# Optimizing Serial Performance

At the heart of fast parallel code must be fast serial code. Parallelism can make a good serial code faster. But it can also make a bad code even worse. One can write terribly slow code in any language, including Julia. In this notebook we want to understand what makes Julia code slow and how to detect and avoid common pitfalls. This will lead to multiple concrete performance tips that will help you speed up your Julia code and to write more efficient code in the first place.

By far the most common reasons for slow Julia code are

* **too many (unnecessary) allocations**
* **break-down of type inference** (e.g. type instabilities)

## Avoid Unnecessary Allocations

Dynamic heap allocations are costly compared to floating point operations.
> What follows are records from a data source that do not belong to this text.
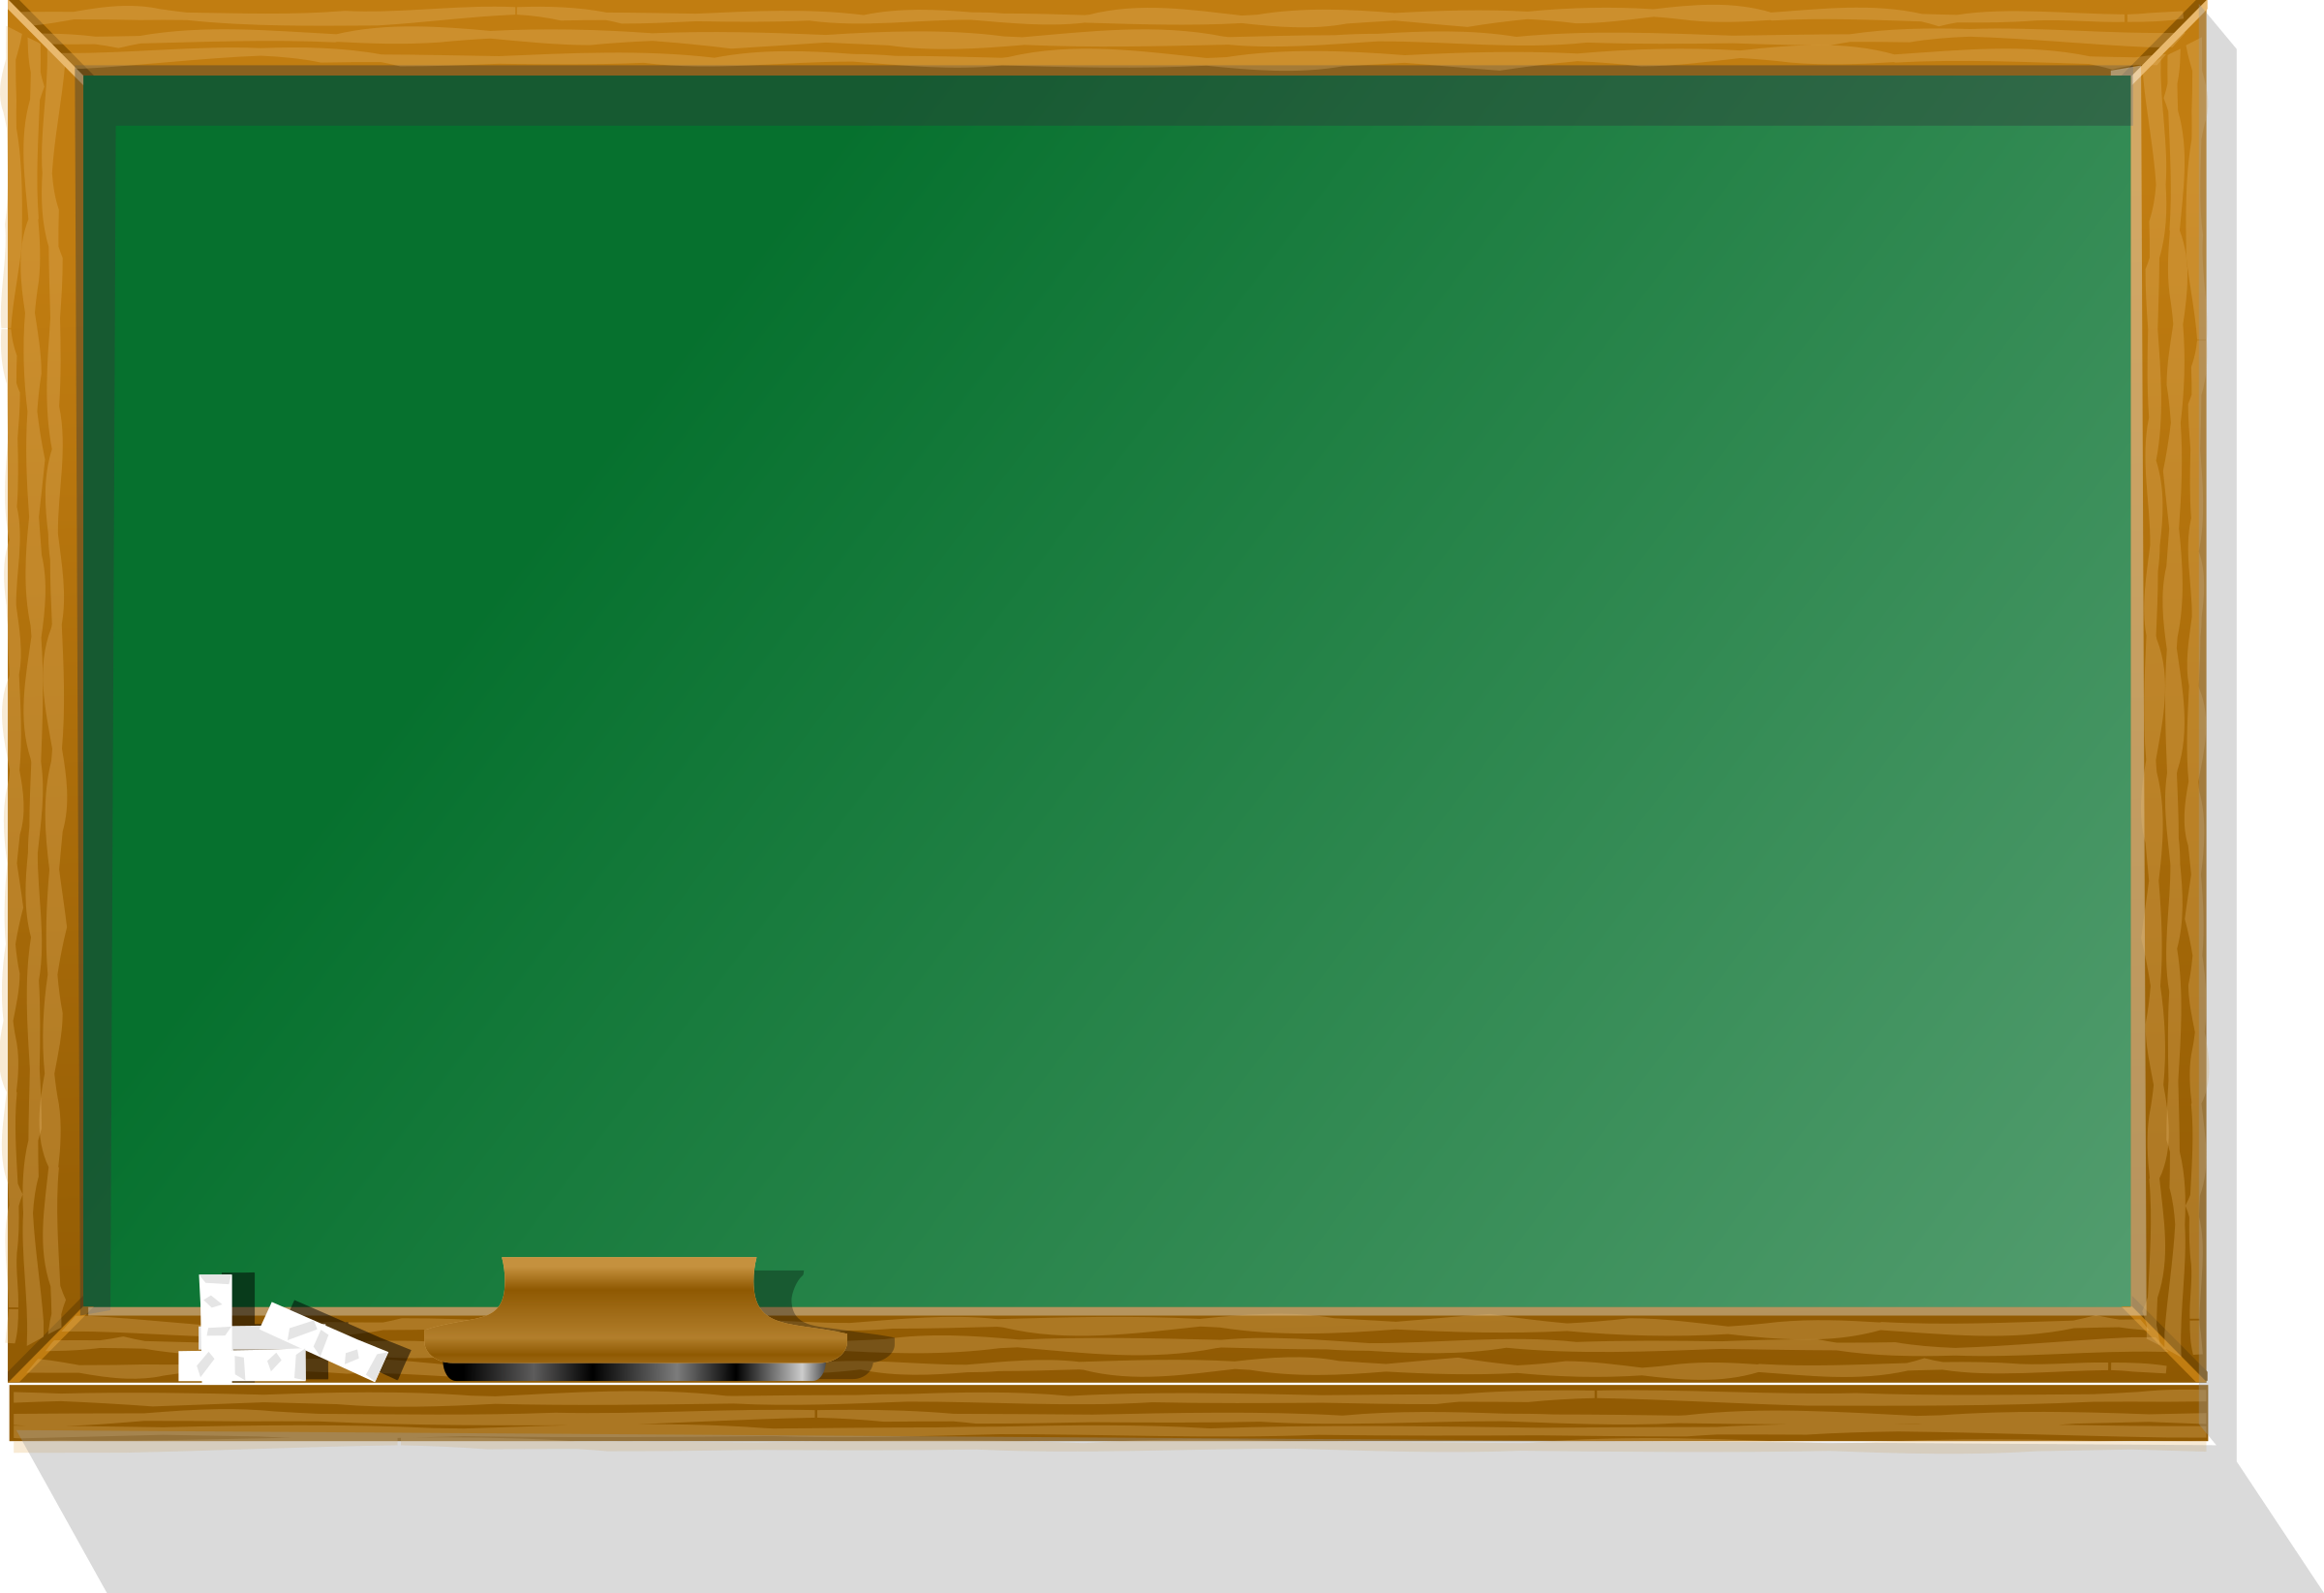 Clipart - blackboard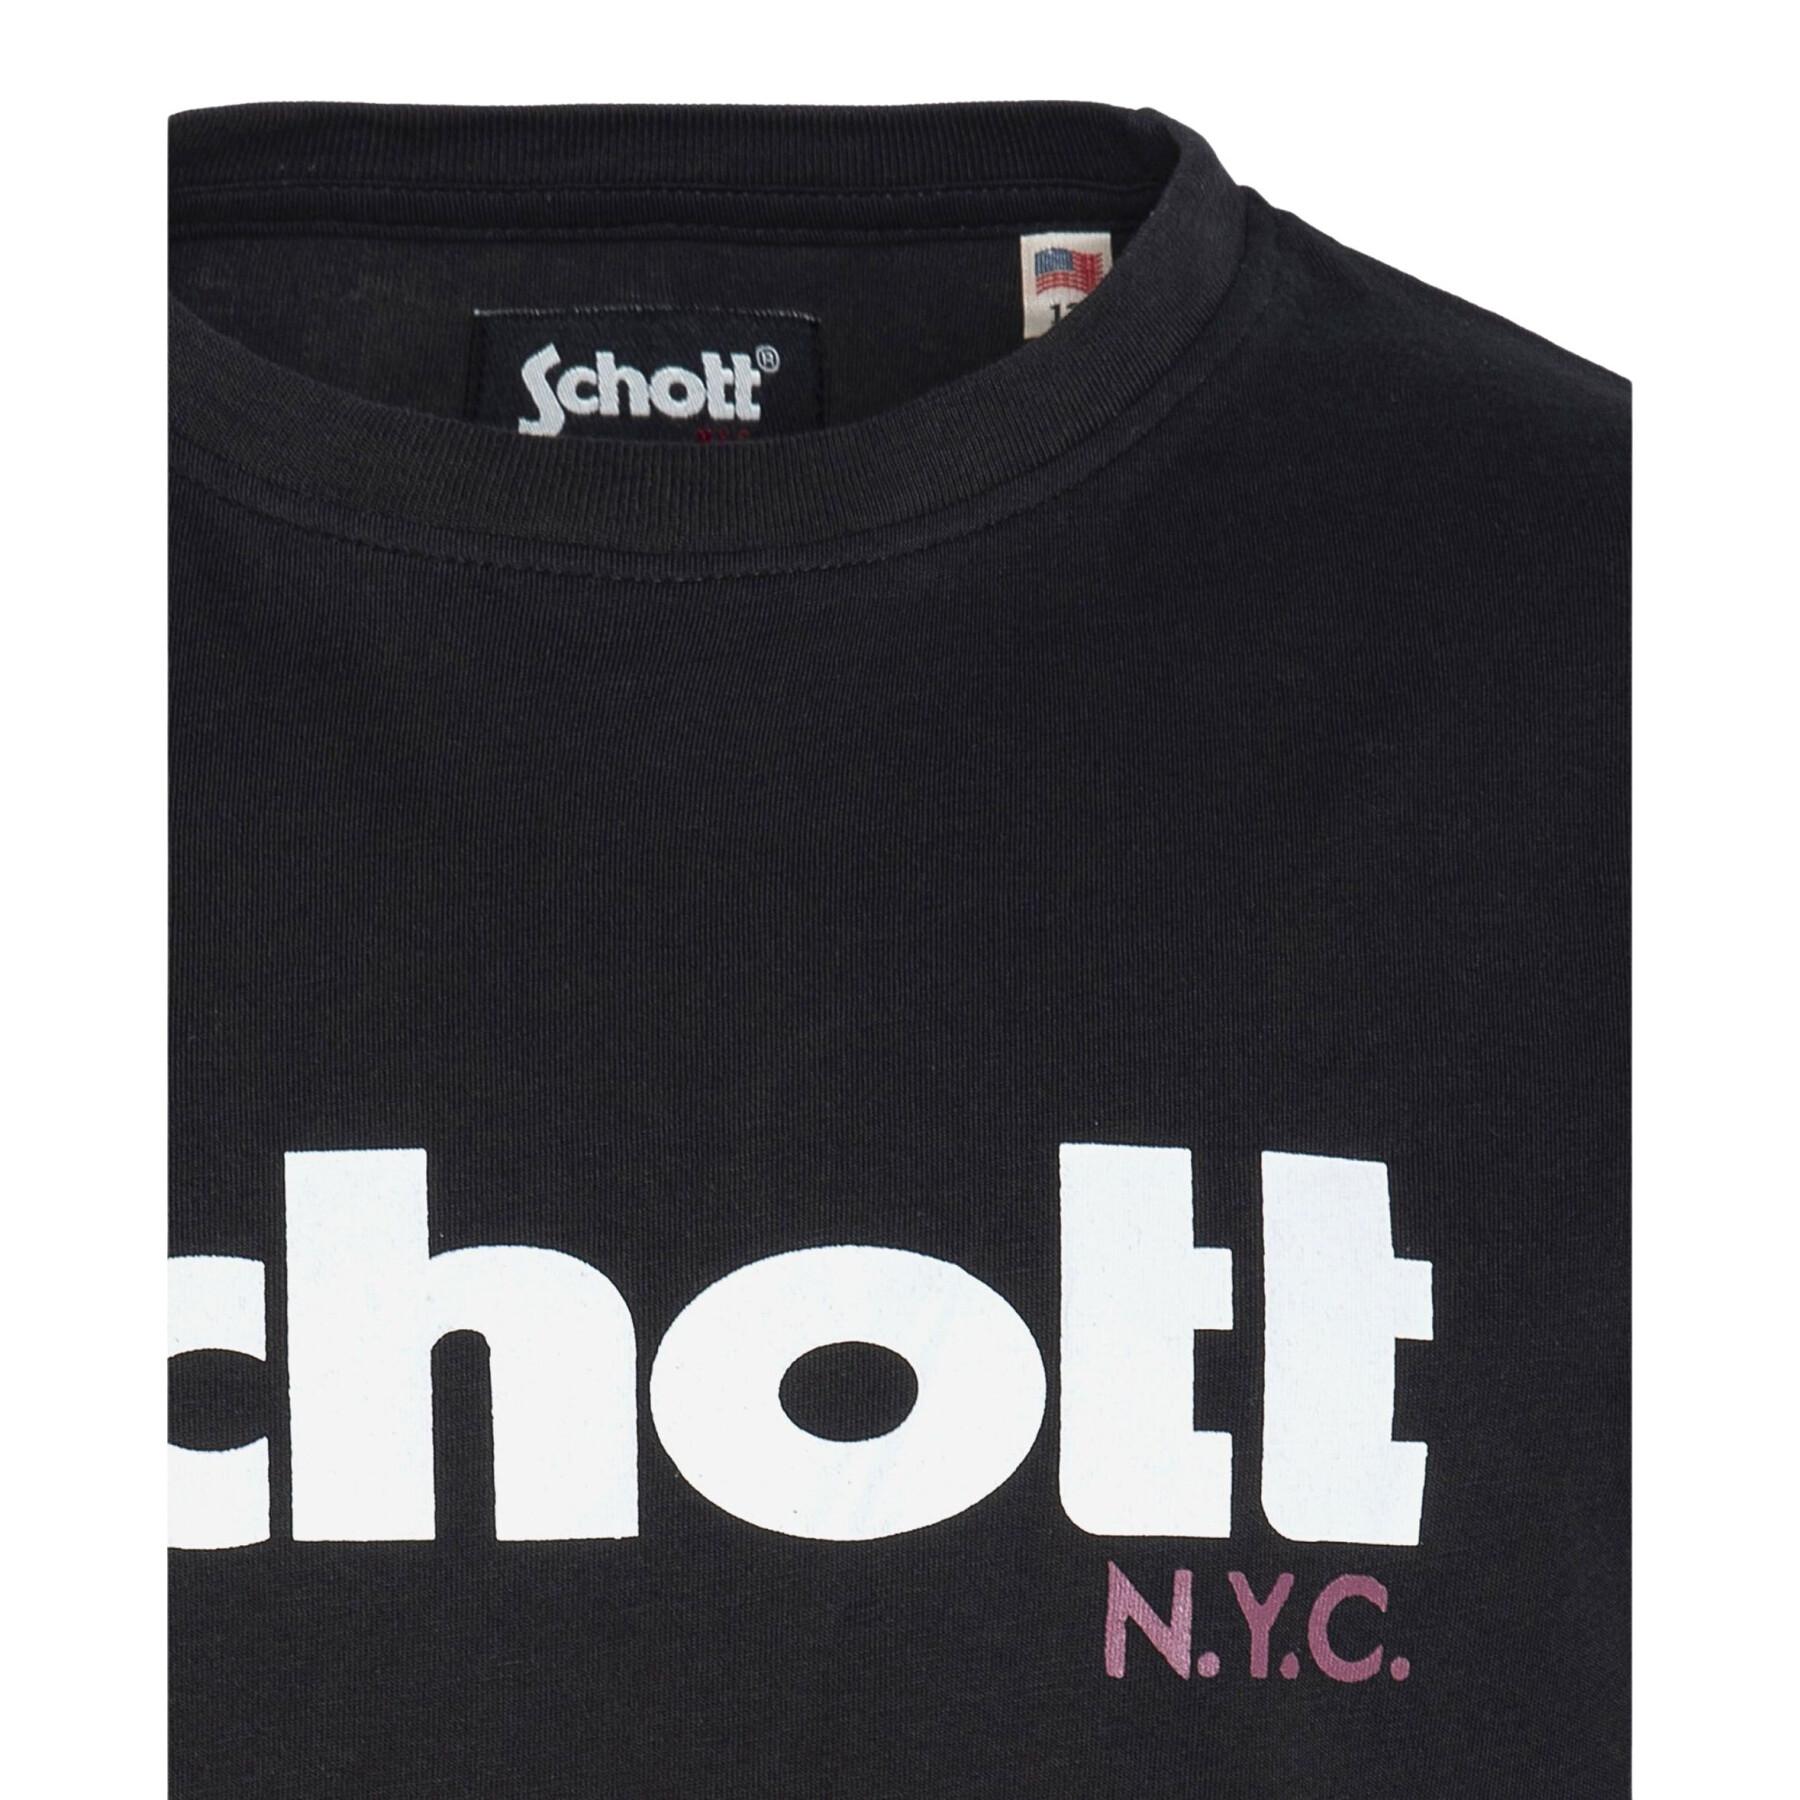 T-Shirt Logo Kind Schott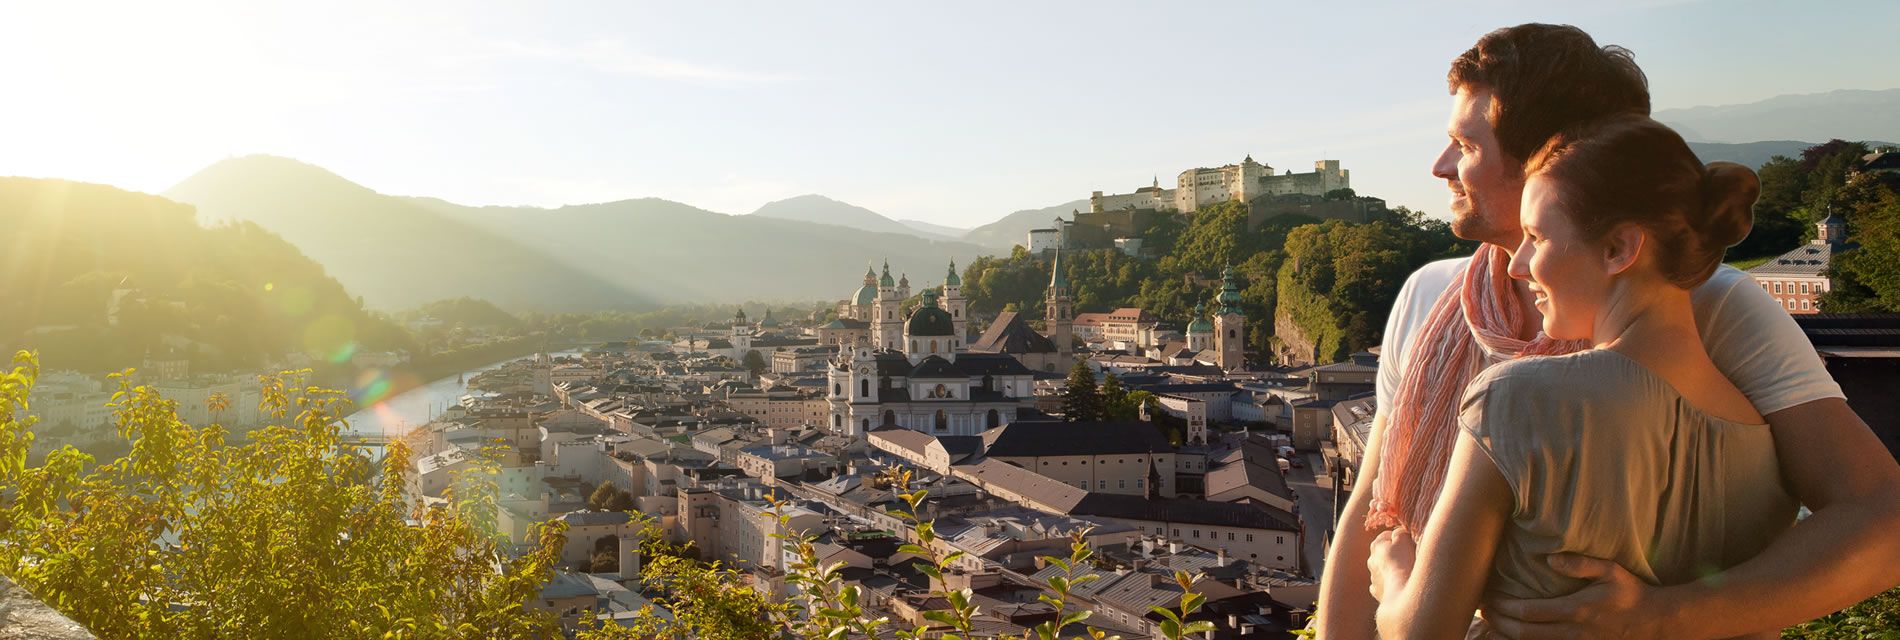 Besuchen Sie die nahe gelegene Festspielstadt Salzburg

Avoid them, in particular in "hot" loops, because they may trigger garbage collection.

In [None]:
using BenchmarkTools

In [None]:
@btime 1.2 + 3.4;
@btime Vector{Float64}(undef, 1);

### Example 1: Element-Wise Operations

In [None]:
function f()
    x = [1, 2, 3]
    for i in 1:10_000
        x = x + 2 * x
    end
    return x
end

In [None]:
@btime f();

* Huge number of allocations!
* Bad sign that they scale with the number of iterations!

#### Fix 1: Write explicit loops

In [None]:
function f()
    x = [1, 2, 3]
    for i in 1:100_000
        for k in eachindex(x)
            x[k] = x[k] + 2 * x[k]
        end
    end
    return x
end

@btime f();

#### Fix 2: Broadcasting (aka "More Dots")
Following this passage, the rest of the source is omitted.